She sees Li Shu read it and nod, throwing a thumbs up. The concern is fairly minor, but if anyone can do something about it, it’s Li Shu.
Raika wonders why the cultivators weren’t using flying swords. Those are probably still a thing out here, right? One of the older and more awkward modes of transportation pre-Empire, and still in use today in some cases.
Could be it was a training exercise, or they disembarked when they expected a fight. Something to ask her surprise prisoners about later maybe.
She moves faster than a normal body would allow, streamlining the edges of her body where air resistance becomes an issue, reinforcing spring-loaded pistons and hyper-dense muscles to launch herself off of individual stone flower petals. Some of them crack beneath her weight, and she shifts more of herself into her spatial alteration, optimizing every muscle group and bone to reduce unnecessary weight without losing the challenge of maintaining and improving her current form.

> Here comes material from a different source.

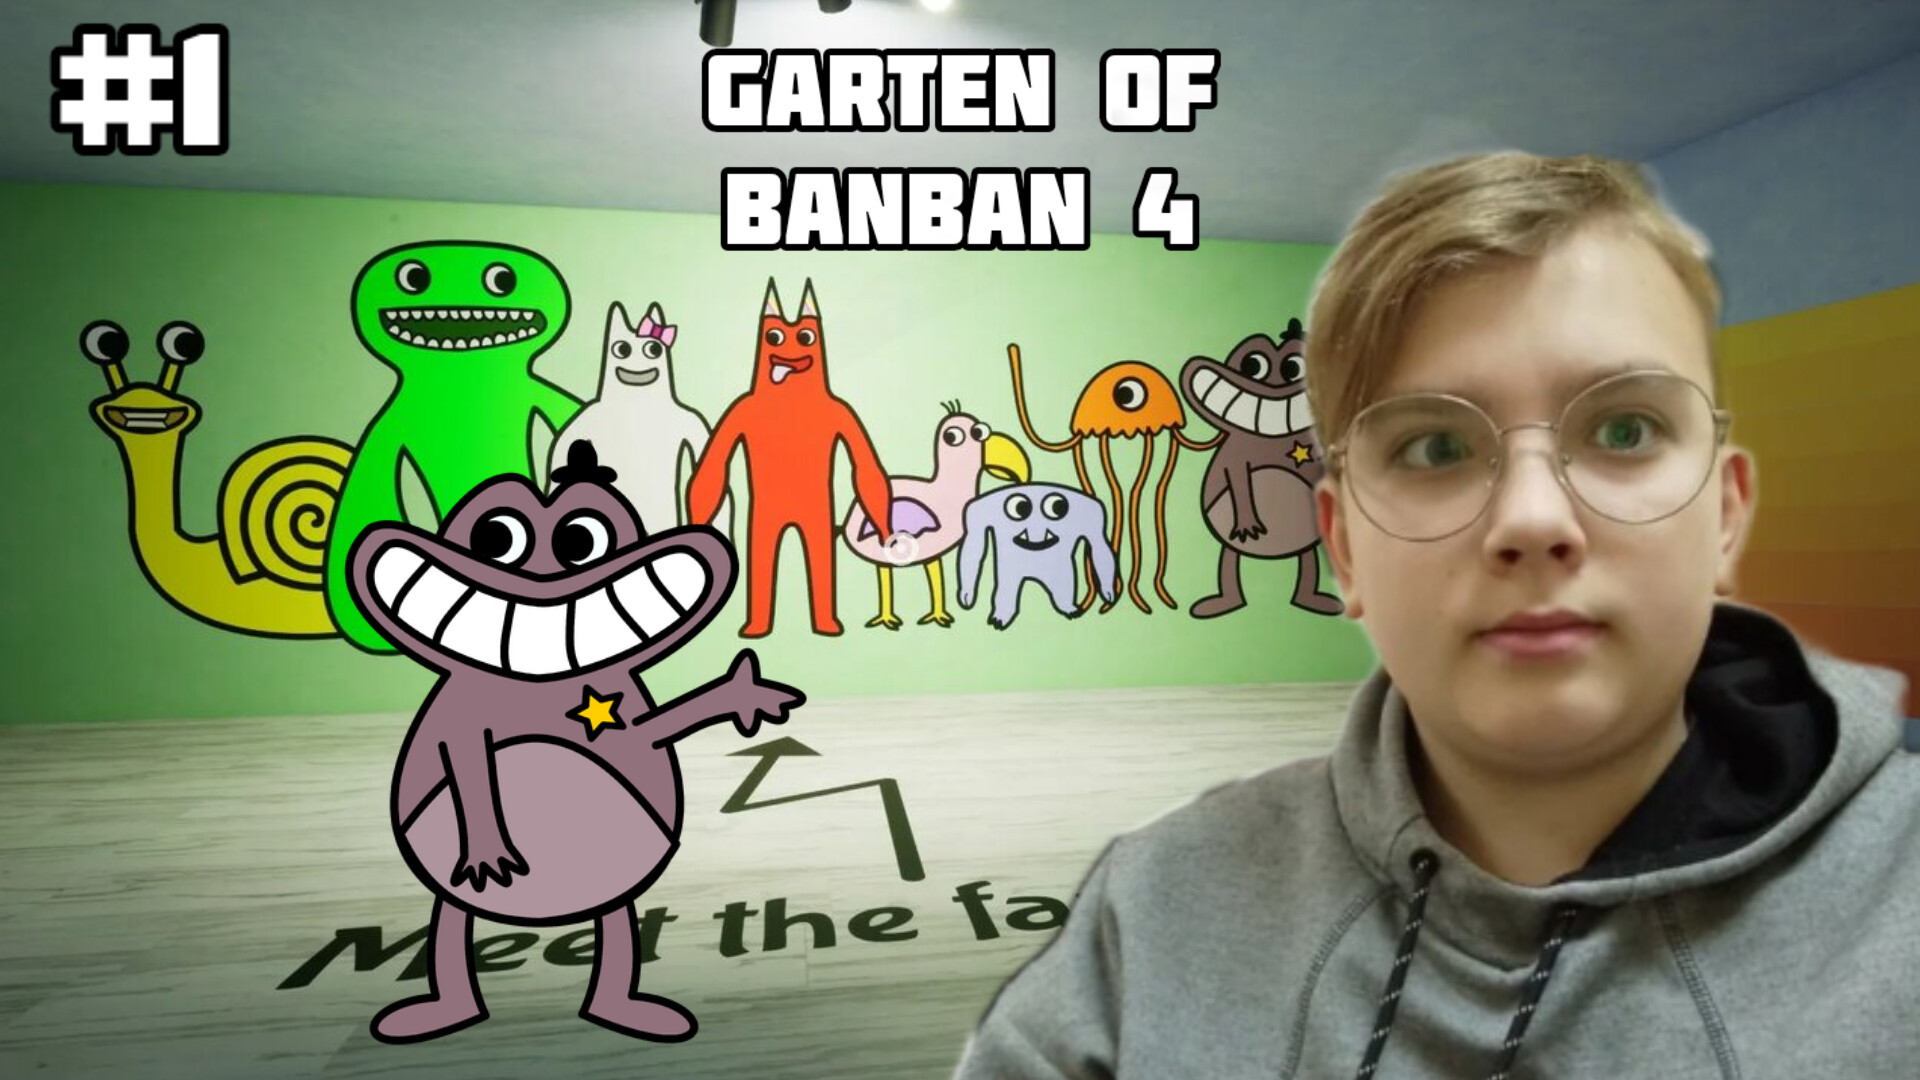 БАНБАН 4 ОГО -- Garten of Banban 4 #1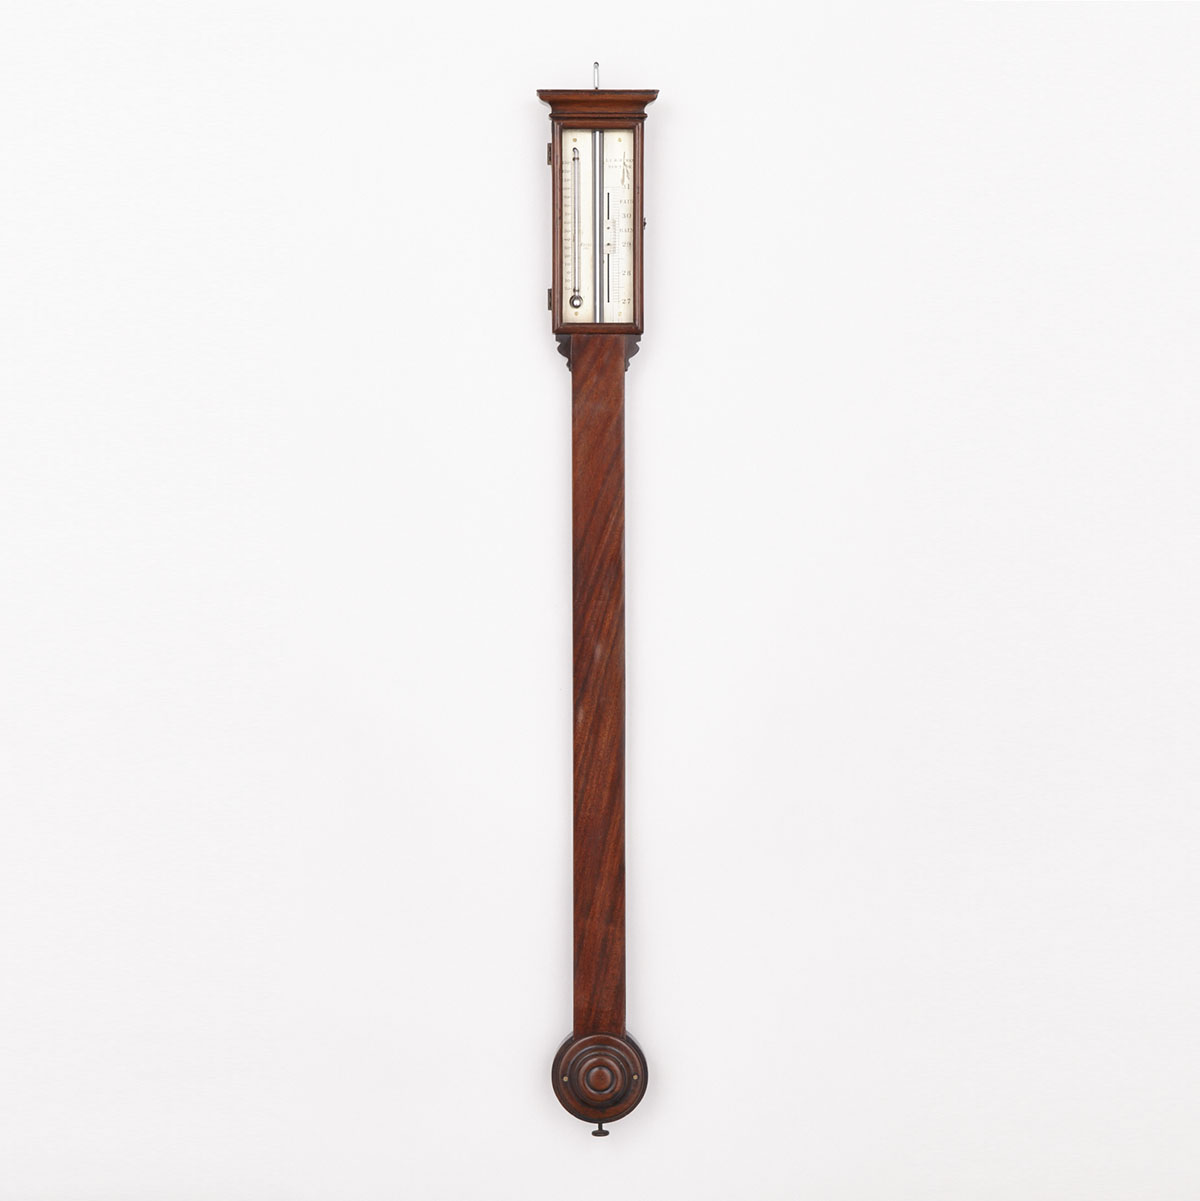 American Rosewood Stick Barometer, L. C. Hoffman, New York, N.Y., c.1860

The miles blur past, hills of moss and endless varieties of lilies, carnalias and other flowers she can’t name speeding by as she moves. She spends the trip optimizing what’s needed, and just… running.
It’s a joy. She moves faster than she ever has before, faster than when she was a cultivator, faster than she has yet, and she could go further still. Acid burns through her muscles and vanishes a moment after, Qi regenerating into flesh to replace what’s been damaged as quickly as the damage accrues, and every time she fixes it it comes back just a bit better.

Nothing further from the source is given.